David Neeleman, the founder of JetBlue Airways and four other airlines, just launched Breeze Airways with 39 new low-cost leisure routes across the US launching this summer.
Breeze’s value proposition comes from offering cheap flights between cities with little to no direct air connectivity and fares start at $39 for even its longest flights. But extra fees for add-ons like checked baggage and seat assignments can quickly increase the final bill, defeating the purpose of booking with an ultra-low-cost carrier in the first place.
Read More: How JetBlue’s founder plans to offer low prices without a low-end experience on his newest airline, Breeze
I took two flights on Breeze Airways flying from Tampa, Florida to Charleston, South Carolina and onward to Hartford, Connecticut on the first day of the airline’s operations. Over the course of two flights, I saw how the airline follows the typical ultra-low-cost playbook and got a sense of how to spend as little as possible while getting the most from the airline.
Here’s how to when flying on America’s newest ultra-low-cost airline.
Don’t buy a seat assignment
My rule when flying ultra-low-cost carriers is to never pay extra for a seat assignment. And on Breeze, that rule holds truer than on others.
All of Breeze’s current aircraft are Embraer E190 and E195 aircraft — which JetBlue Airways, TAP Air Portugal, and Azul Brazilian Airlines flyers will recognize — and configured in a 2-2 configuration. Each seat is either an aisle or window seat with no middles to be found on the entire aircraft.
Flyers that don’t pay up for a seat assignment will have one auto-assigned by the airline but every passenger is still guaranteed an aisle or window seat. With that in mind, it’s easy enough to forgo the extra fee and still get a great seat.
Having an auto-assigned seat also doesn’t mean the airline will assign the worst seat on the aircraft to those that don’t pay up. Cheaper seats in the back will likely be bought up and leave the more expensive seats open to be auto-assigned.
Case in point, I was assigned seat 23C on my first Breeze flight.
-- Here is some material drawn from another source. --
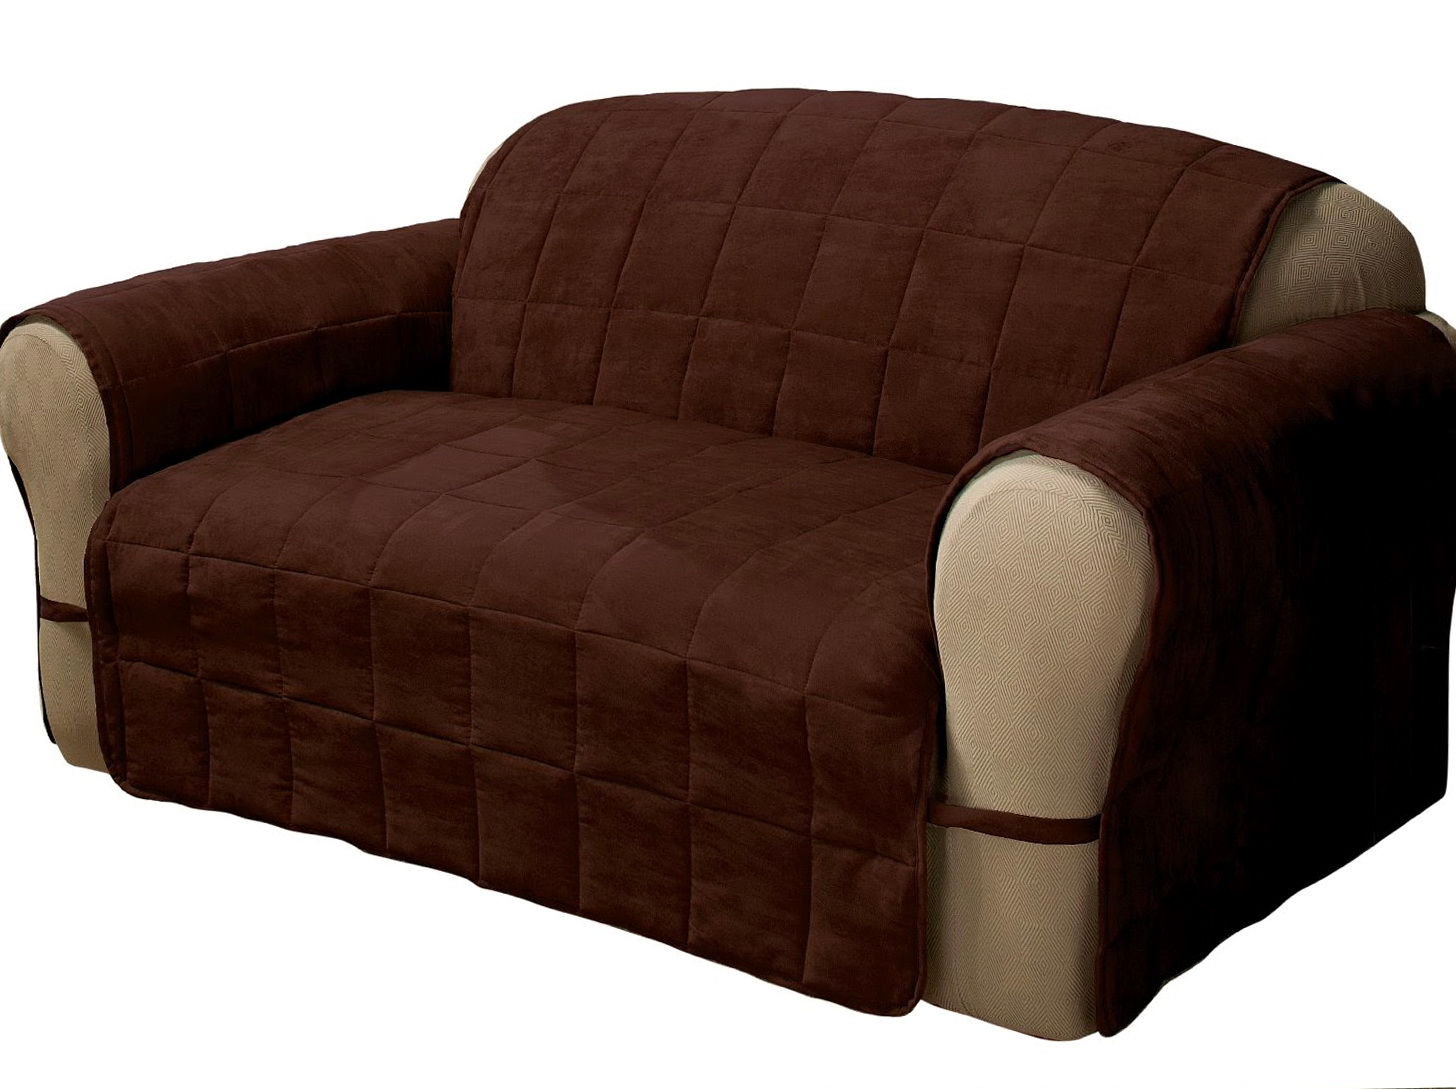 Leather sofa cushion covers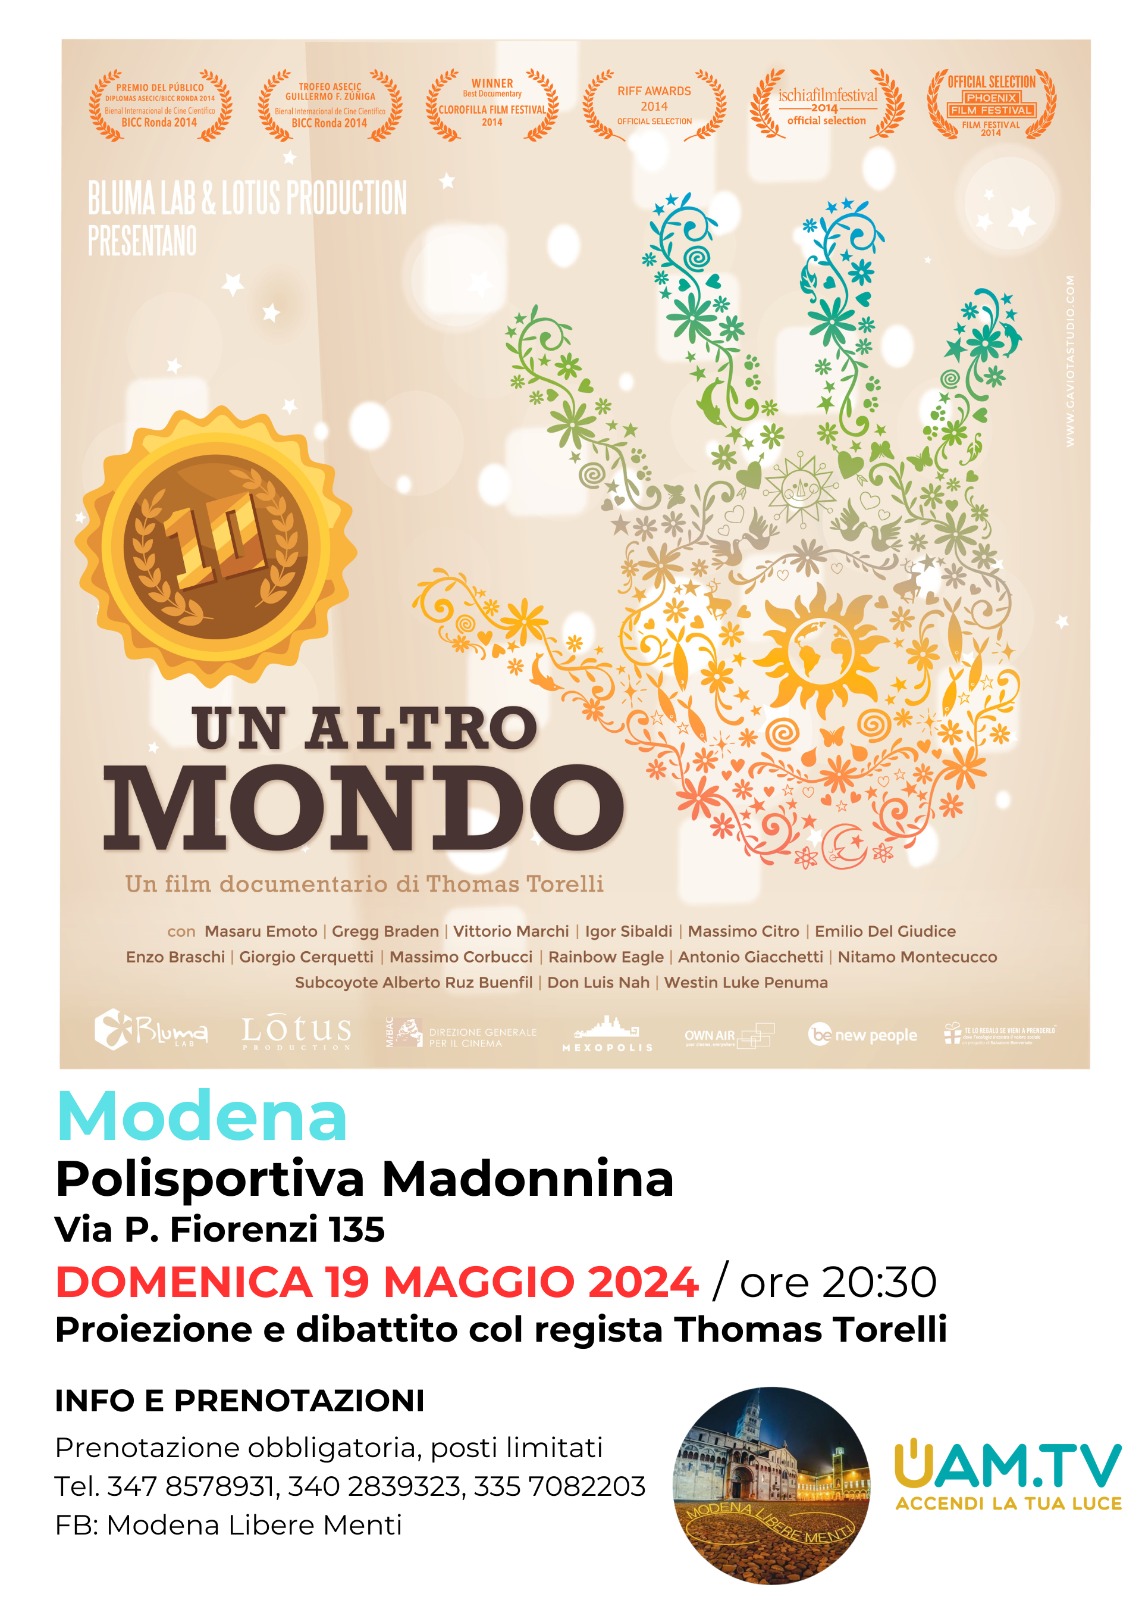 "Un altro mondo" - Polisportiva Madonnina - Modena

It was an aisle seat towards the back of the plane but nowhere near the last row.
And if the auto-assigned seat isn’t desirable, a friendly gate agent might be willing to help out. Breeze’s motto, after all, is “seriously nice.” When flying from Charleston to Hartford, I kindly asked the gate agent if any full rows were available and I was moved to one, free of charge.
Families traveling with children 12 and under can also select seats for free.
Breeze flights are also incredibly short with the majority under two hours. So unless there’s a certain type of seat that a flyer needs to have, paying up is pointless.
Pick the Embraer E195, if possible
Breeze’s fleet of Embraer aircraft may look nearly identical but they offer vastly different onboard products. The Embraer E195 is the larger aircraft and current crown jewel of the fleet in terms of onboard comfort.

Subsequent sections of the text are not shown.